If the system crashes after a commit decision has been made, for example between t10 and t11, it will find xid1b and xid1a. Since xid1a signifies a commit decision, both xid1b and xid1a should be committed.

So far so good. But how does the transaction manager know that if it encounters xidb it should look for xida to figure out if a commit decision was made?

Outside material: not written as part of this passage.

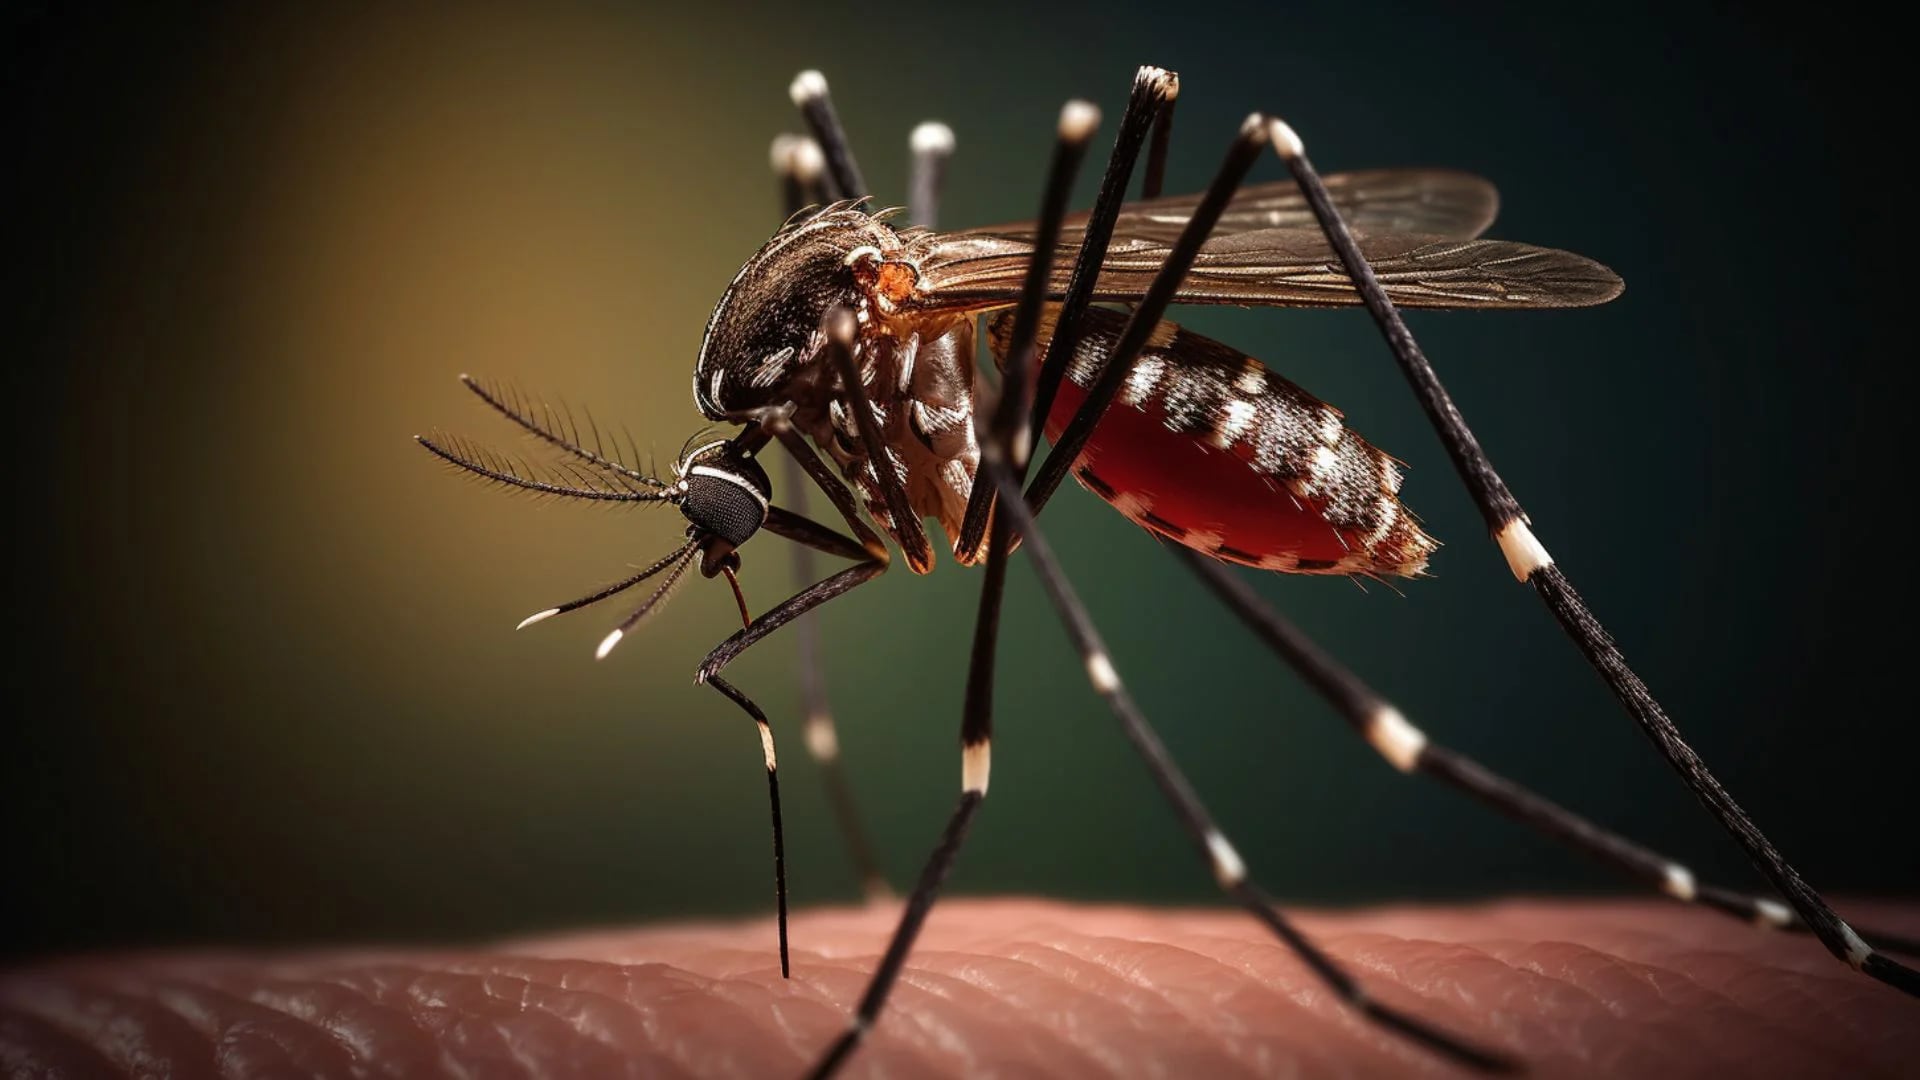 Fotografía en detalle del mosquito del dengue, Aedes aegypti picando un brazo. Salud, salubridad, higiene, control, plagas, verano, agua, sudamérica (Imagen ilustrativa Infobae)
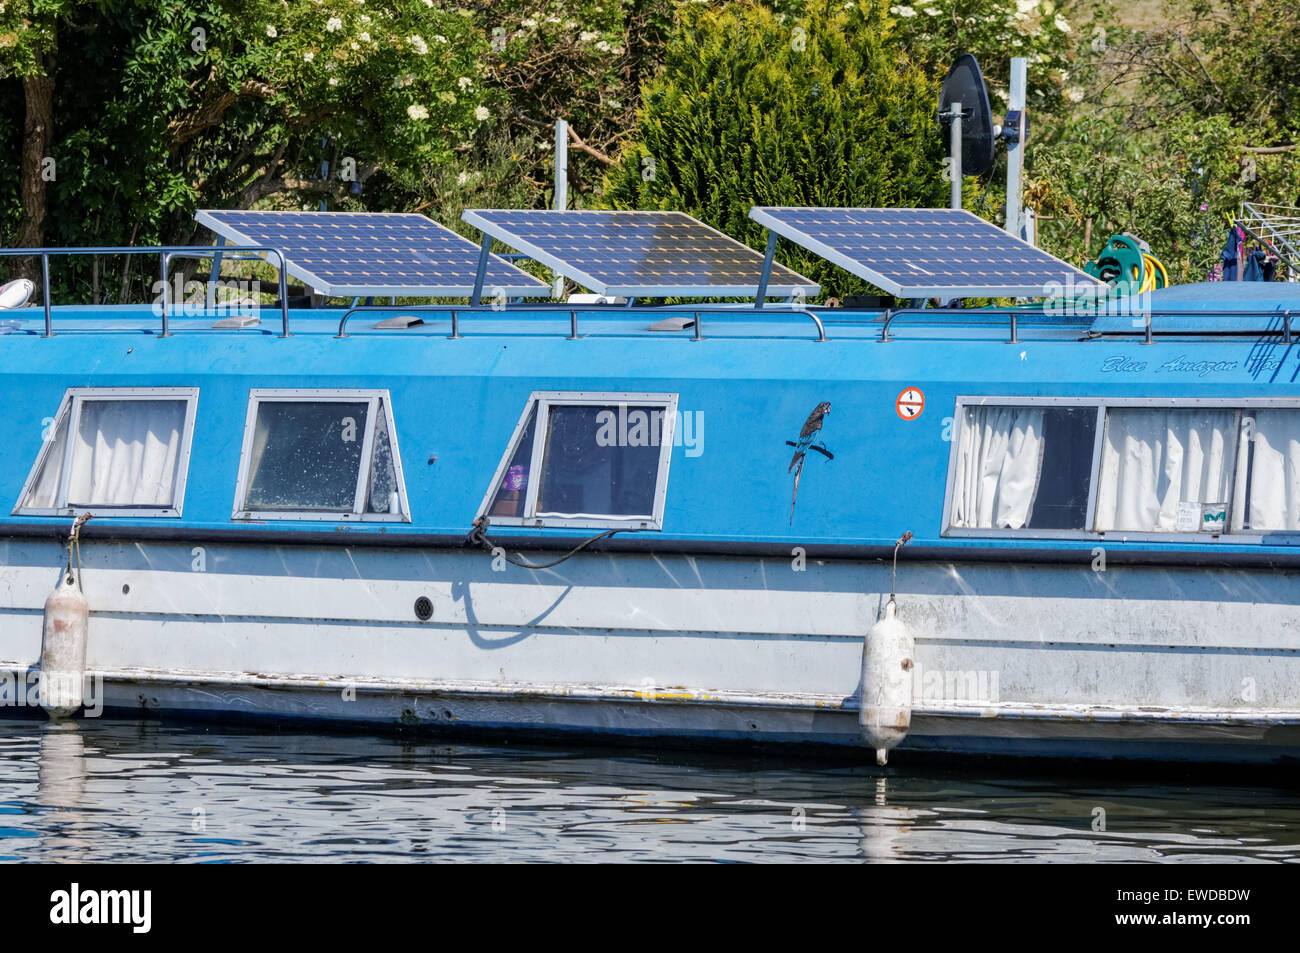 Boat with solar panels, London England United Kingdom UK Stock Photo

This is where the transaction manager uses the byte[] of the Xid: it stores this information in one of them.

Complicating factors

A problem in this scheme occurs when the prepare(xid1a) method returns XA_RDONLY. If that happens, commit(xid1a, false) cannot be called, and RMa will not return xid1a upon calling recover(). Recall that xid1a had special significance! Hence it is important to order the Resource Managers such that the first one on which prepare() is called, is both reliable and will not return XA_RDONLY. However, in normal EE applications, the application prescribes in which order resources are enlisted in a transaction. Hence, to use this logless transaction scheme, the application server either needs to be extended with a way to specify resources a priori, or the application server needs to be extended with a learning capability so that it knows which resources are enlisted in a particular operation so that it can pick the right resource manager to write the commit decision to.

The SeeBeyond logless transaction approach is one of the ways that transaction logging can be made less exensive. In a future blog, I'll cover additional ones.